RECORDS FOR THIS EXERCISE:
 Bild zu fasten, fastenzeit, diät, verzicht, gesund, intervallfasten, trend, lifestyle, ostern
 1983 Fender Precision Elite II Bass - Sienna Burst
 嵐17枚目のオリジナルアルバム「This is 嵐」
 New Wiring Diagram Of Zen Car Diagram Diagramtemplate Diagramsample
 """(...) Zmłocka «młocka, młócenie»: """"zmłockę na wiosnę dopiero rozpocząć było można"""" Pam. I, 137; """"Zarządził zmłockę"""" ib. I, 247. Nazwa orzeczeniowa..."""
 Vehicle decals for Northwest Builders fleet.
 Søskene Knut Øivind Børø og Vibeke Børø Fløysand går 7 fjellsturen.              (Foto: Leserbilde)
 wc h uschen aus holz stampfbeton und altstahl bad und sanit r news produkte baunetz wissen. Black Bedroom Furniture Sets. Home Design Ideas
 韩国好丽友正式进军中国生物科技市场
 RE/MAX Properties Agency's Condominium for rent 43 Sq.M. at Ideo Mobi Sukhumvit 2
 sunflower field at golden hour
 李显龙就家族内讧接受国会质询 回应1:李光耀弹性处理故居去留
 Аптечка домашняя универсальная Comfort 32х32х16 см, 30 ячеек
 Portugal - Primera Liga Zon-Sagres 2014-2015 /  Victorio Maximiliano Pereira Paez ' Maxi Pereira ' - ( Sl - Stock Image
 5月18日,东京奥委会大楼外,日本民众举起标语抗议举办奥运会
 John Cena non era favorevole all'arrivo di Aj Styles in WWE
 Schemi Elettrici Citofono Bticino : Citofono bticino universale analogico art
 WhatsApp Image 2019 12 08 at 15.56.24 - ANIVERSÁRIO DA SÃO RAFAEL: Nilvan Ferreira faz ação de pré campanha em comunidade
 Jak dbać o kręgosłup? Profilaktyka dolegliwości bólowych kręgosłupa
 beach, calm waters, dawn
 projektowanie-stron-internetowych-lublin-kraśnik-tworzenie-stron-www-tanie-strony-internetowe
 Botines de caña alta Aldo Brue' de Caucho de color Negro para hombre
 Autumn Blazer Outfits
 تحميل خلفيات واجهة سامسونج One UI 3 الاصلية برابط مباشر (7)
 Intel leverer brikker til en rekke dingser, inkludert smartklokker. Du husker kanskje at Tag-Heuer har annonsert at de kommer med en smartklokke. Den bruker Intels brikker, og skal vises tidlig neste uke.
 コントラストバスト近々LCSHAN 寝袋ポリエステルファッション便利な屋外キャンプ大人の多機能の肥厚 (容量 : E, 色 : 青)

ACTION ITEM: Set down the data in full, word for word.

ANSWER SECTION:
 Bild zu fasten, fastenzeit, diät, verzicht, gesund, intervallfasten, trend, lifestyle, ostern
 1983 Fender Precision Elite II Bass - Sienna Burst
 嵐17枚目のオリジナルアルバム「This is 嵐」
 New Wiring Diagram Of Zen Car Diagram Diagramtemplate Diagramsample
 """(...) Zmłocka «młocka, młócenie»: """"zmłockę na wiosnę dopiero rozpocząć było można"""" Pam. I, 137; """"Zarządził zmłockę"""" ib. I, 247. Nazwa orzeczeniowa..."""
 Vehicle decals for Northwest Builders fleet.
 Søskene Knut Øivind Børø og Vibeke Børø Fløysand går 7 fjellsturen.              (Foto: Leserbilde)
 wc h uschen aus holz stampfbeton und altstahl bad und sanit r news produkte baunetz wissen. Black Bedroom Furniture Sets. Home Design Ideas
 韩国好丽友正式进军中国生物科技市场
 RE/MAX Properties Agency's Condominium for rent 43 Sq.M. at Ideo Mobi Sukhumvit 2
 sunflower field at golden hour
 李显龙就家族内讧接受国会质询 回应1:李光耀弹性处理故居去留
 Аптечка домашняя универсальная Comfort 32х32х16 см, 30 ячеек
 Portugal - Primera Liga Zon-Sagres 2014-2015 /  Victorio Maximiliano Pereira Paez ' Maxi Pereira ' - ( Sl - Stock Image
 5月18日,东京奥委会大楼外,日本民众举起标语抗议举办奥运会
 John Cena non era favorevole all'arrivo di Aj Styles in WWE
 Schemi Elettrici Citofono Bticino : Citofono bticino universale analogico art
 WhatsApp Image 2019 12 08 at 15.56.24 - ANIVERSÁRIO DA SÃO RAFAEL: Nilvan Ferreira faz ação de pré campanha em comunidade
 Jak dbać o kręgosłup? Profilaktyka dolegliwości bólowych kręgosłupa
 beach, calm waters, dawn
 projektowanie-stron-internetowych-lublin-kraśnik-tworzenie-stron-www-tanie-strony-internetowe
 Botines de caña alta Aldo Brue' de Caucho de color Negro para hombre
 Autumn Blazer Outfits
 تحميل خلفيات واجهة سامسونج One UI 3 الاصلية برابط مباشر (7)
 Intel leverer brikker til en rekke dingser, inkludert smartklokker. Du husker kanskje at Tag-Heuer har annonsert at de kommer med en smartklokke. Den bruker Intels brikker, og skal vises tidlig neste uke.
 コントラストバスト近々LCSHAN 寝袋ポリエステルファッション便利な屋外キャンプ大人の多機能の肥厚 (容量 : E, 色 : 青)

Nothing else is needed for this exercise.